- **Input data**
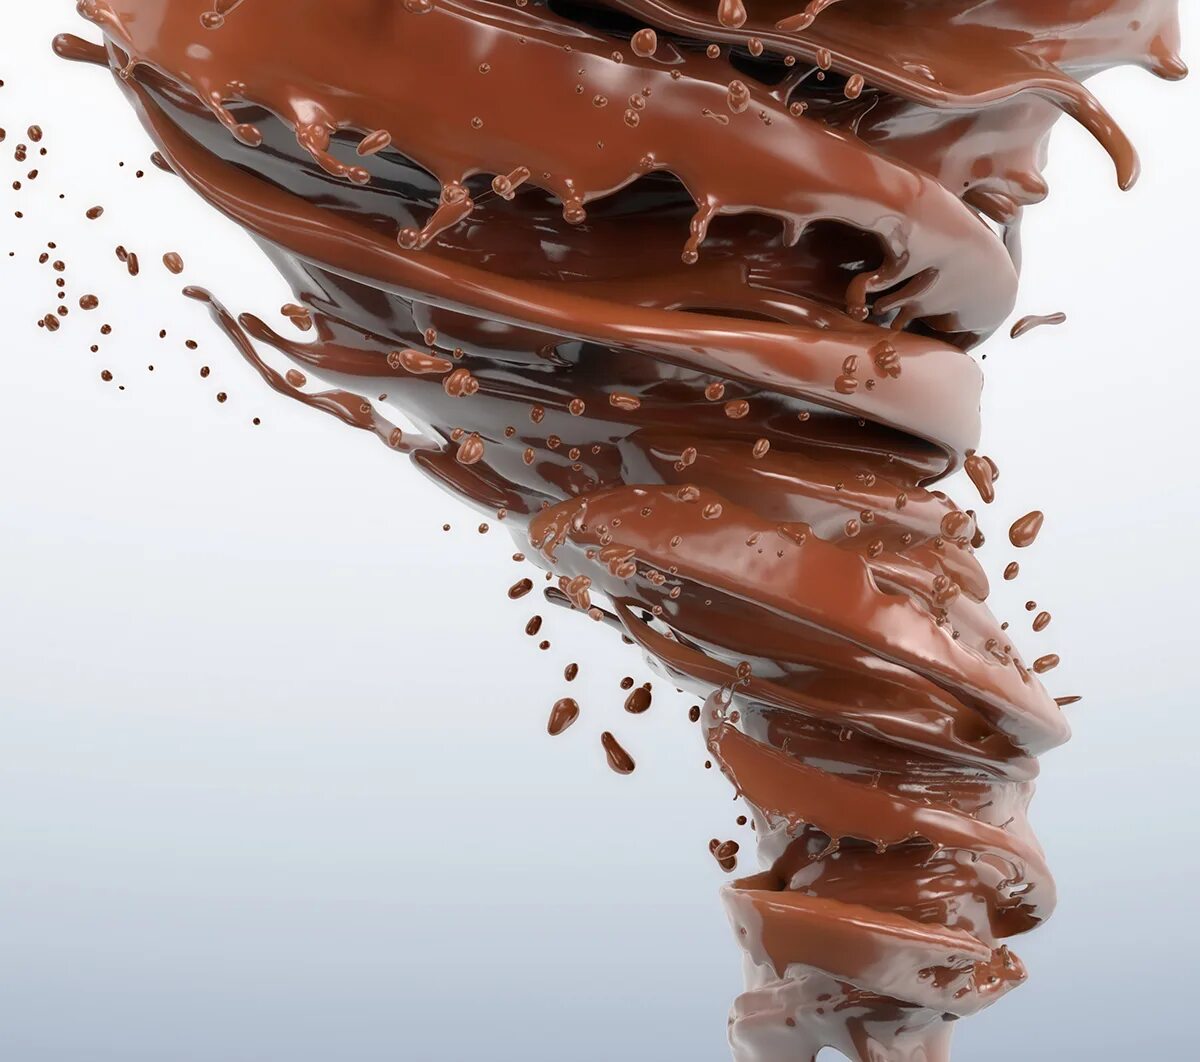 Растаявший шоколад. Брызги шоколада. Жидкий шоколад. Шоколад льется. Шоколадные потеки.
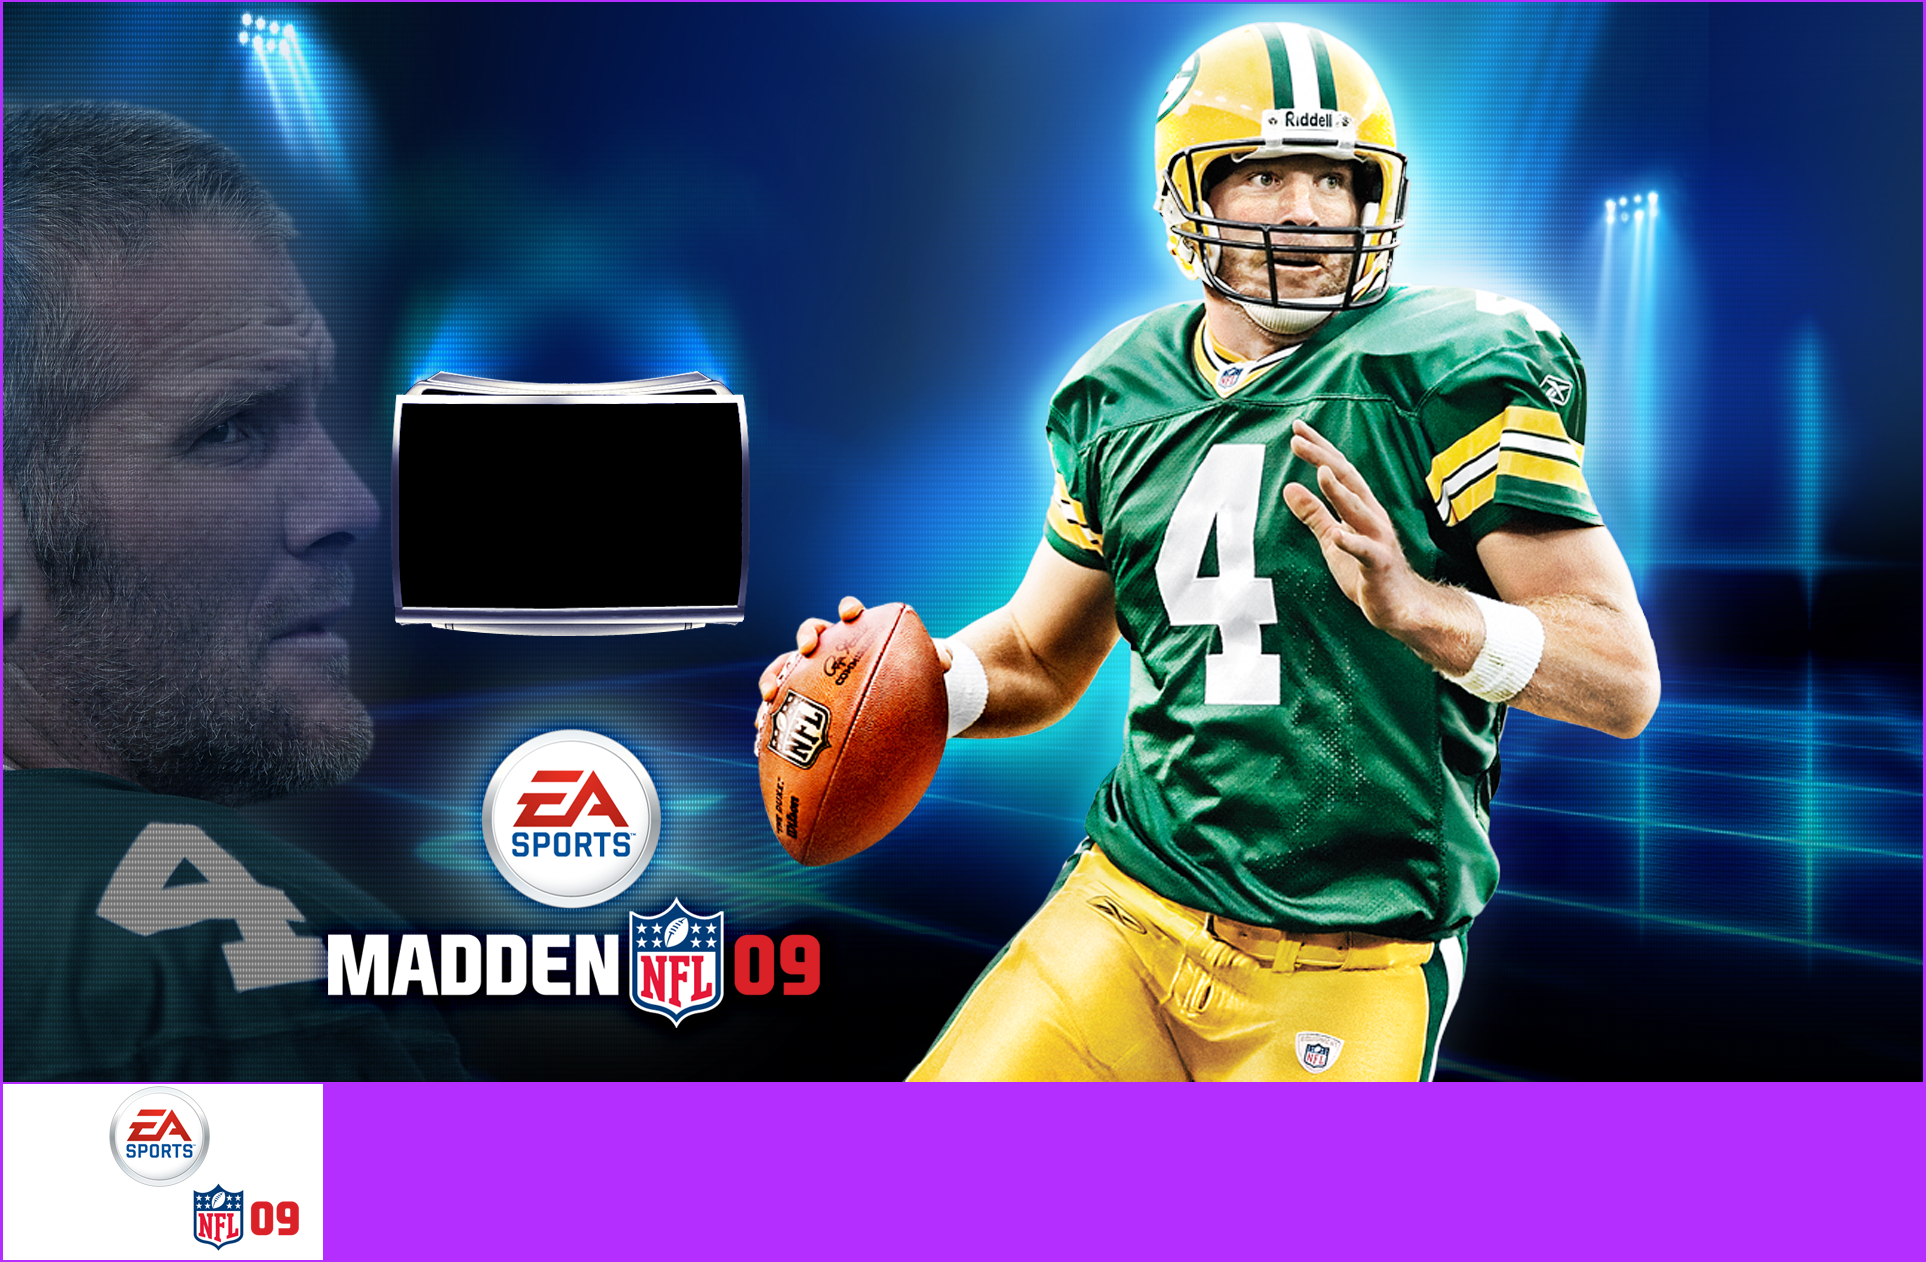 Madden NFL 09 - Game Banner & Icon
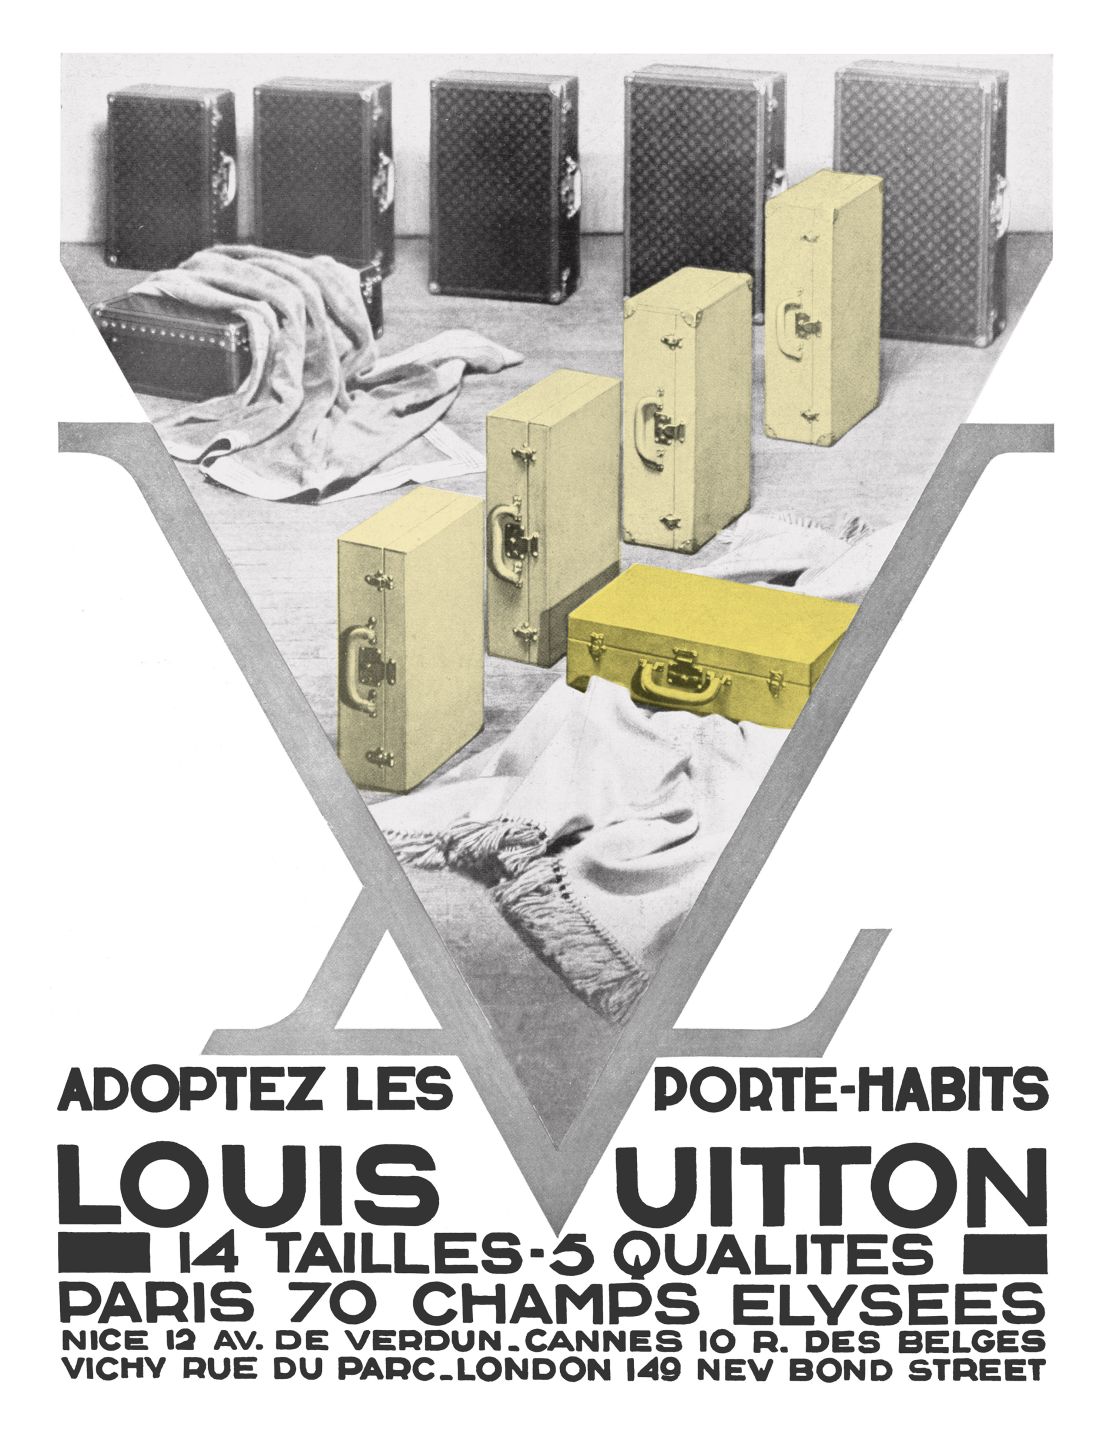 Louis Vuitton Logo Design History and Evolution
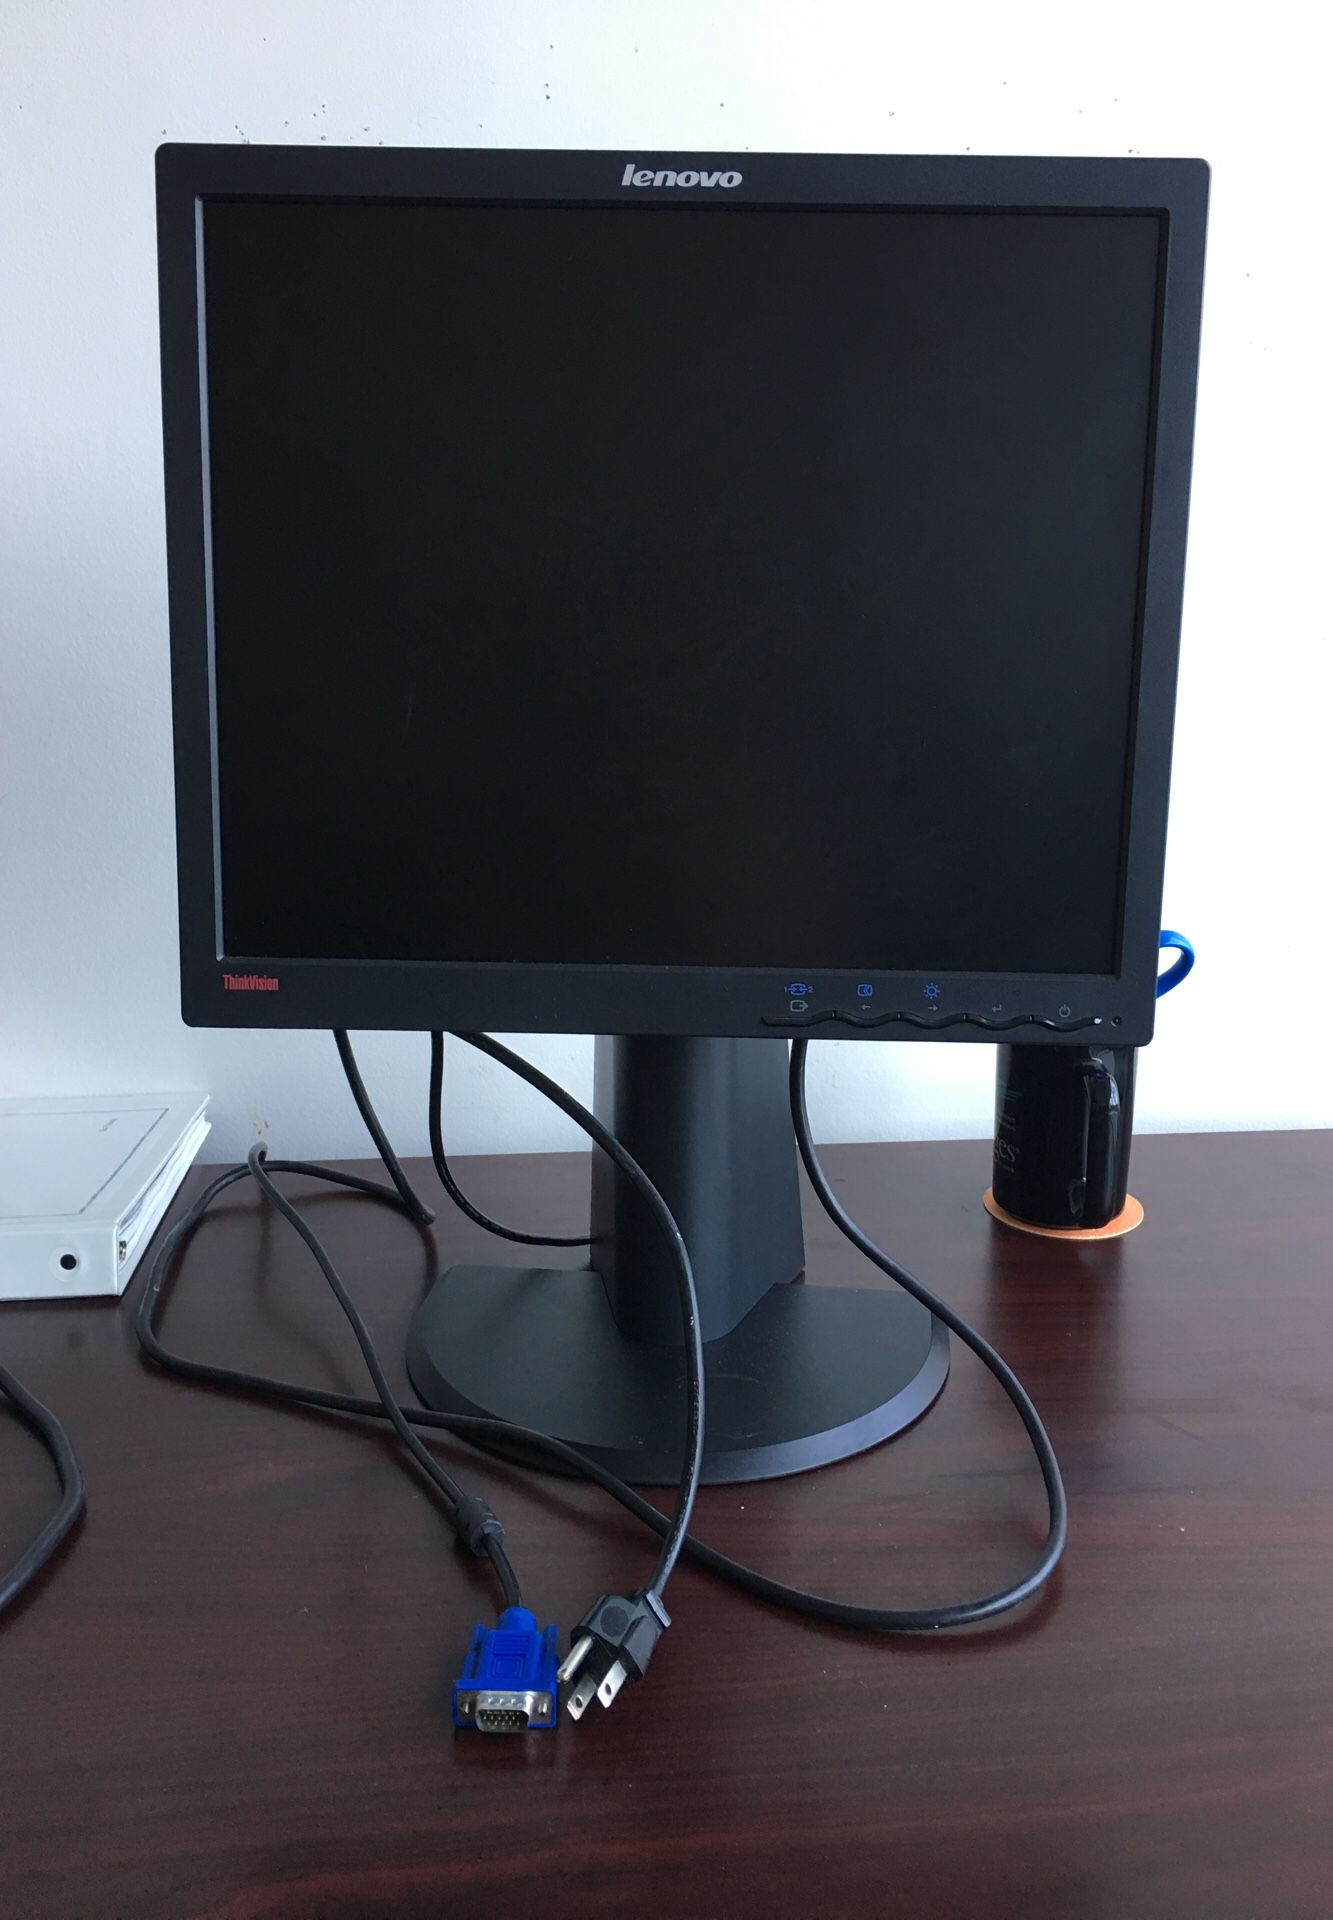 Lenovo 9417- HC2 LCD monitor with power cord & VGA cable

- **Instructions to follow**
Copy the listing word for word, excluding its pictures.

- **Solution to this task**
 Растаявший шоколад. Брызги шоколада. Жидкий шоколад. Шоколад льется. Шоколадные потеки.
 Madden NFL 09 - Game Banner & Icon
 Louis Vuitton Logo Design History and Evolution
 Lenovo 9417- HC2 LCD monitor with power cord & VGA cable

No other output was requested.